# double black diamond advice



## Guest (Feb 11, 2008)

im goin to montana this upcoming week to snowboard at snowbowl, discovery basin, lost trail, and big sky
and disco has some sick looking double black diamonds on the back side of the mountains as well as others have 
double blacks too

i am a very experienced snowboarder, i can handle black diamonds with ease, and i am confident in my riding mechanics and ability

just one question though

lets say i was goin down one of the double blacks, and i fell trying to link my turns or something, are the double black diamonds so steep that i would fall and roll down the mountian for a very long time,
or will i be able to stop my self, get up, and keep going?

im scared i will just end up sliding down the mountain if i fall

heres a link if u wanna take a look at the trails

http://skidiscovery.com/images/maps_images/dbmapb.jpg

i know u cant really tell by looking at a picture so i will have to see them when i get there 
but who knows? maybe they wont be as hard as i think they are?

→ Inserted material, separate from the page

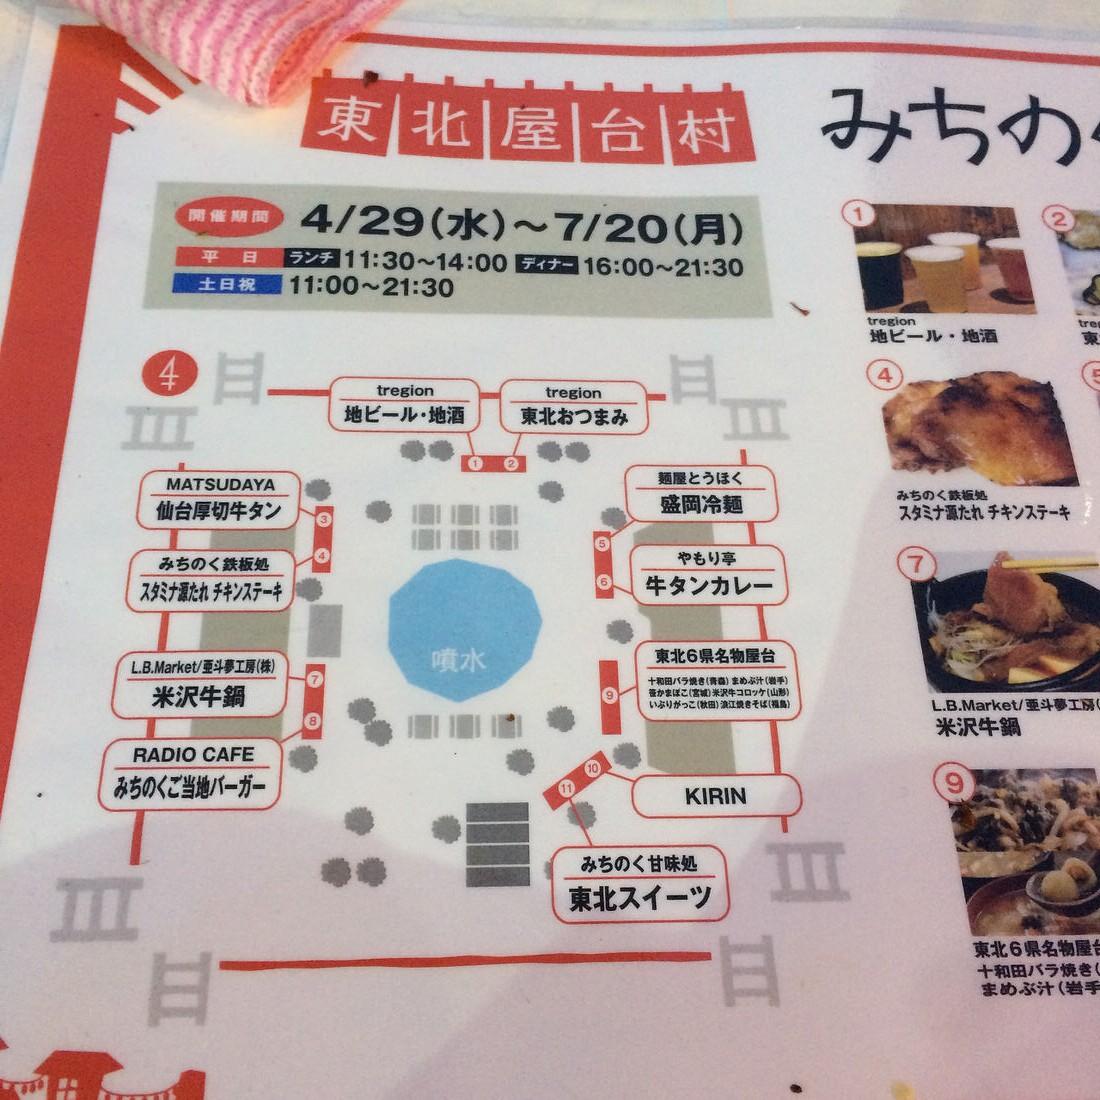 名古屋・栄で東北のおつまみを堪能できるみちのく食堂が期間限定で登場!
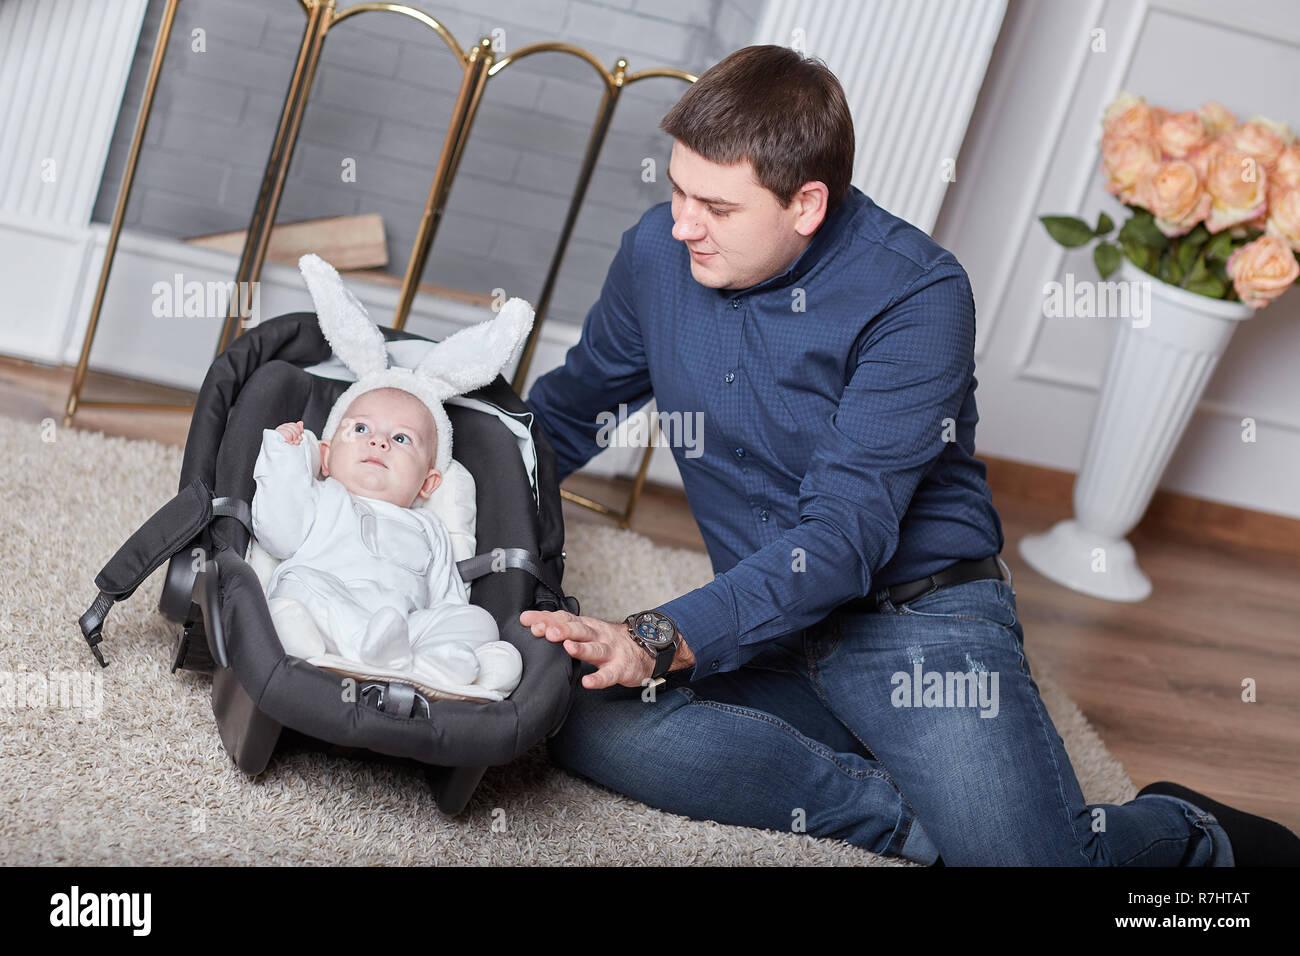 Papà amorevole e di un bel bambino in un costume di coniglio prima di una passeggiata Immagini Stock

thanks for any advice guys

-chris


----------



## sedition (Feb 8, 2007)

I was up at Stratton last week. They have numerous double blacks. On some of them if you fell with any decent speed there was no question that you would not be getting up again for quite some time. Others, didn't seem nearly as bad. Just take a few mellow runs down them at first so you know what to expect, and then let the speed out after you know what your dealing with.


----------



## Guest (Feb 11, 2008)

yeah thanks, im gonna go on one of the more mellow ones and just work my way up 

just creeps the hell out of me picturing myself flipping down the mountain like a ragdoll lol

w/e ima try it and hopefully shit goes good

im pretty confident in myself and i just gotta comit to it


----------



## Guest (Feb 11, 2008)

thanks snowwolf for the great advice

i know i really have to be careful cuz out west, some of those runs arent a joking matter


----------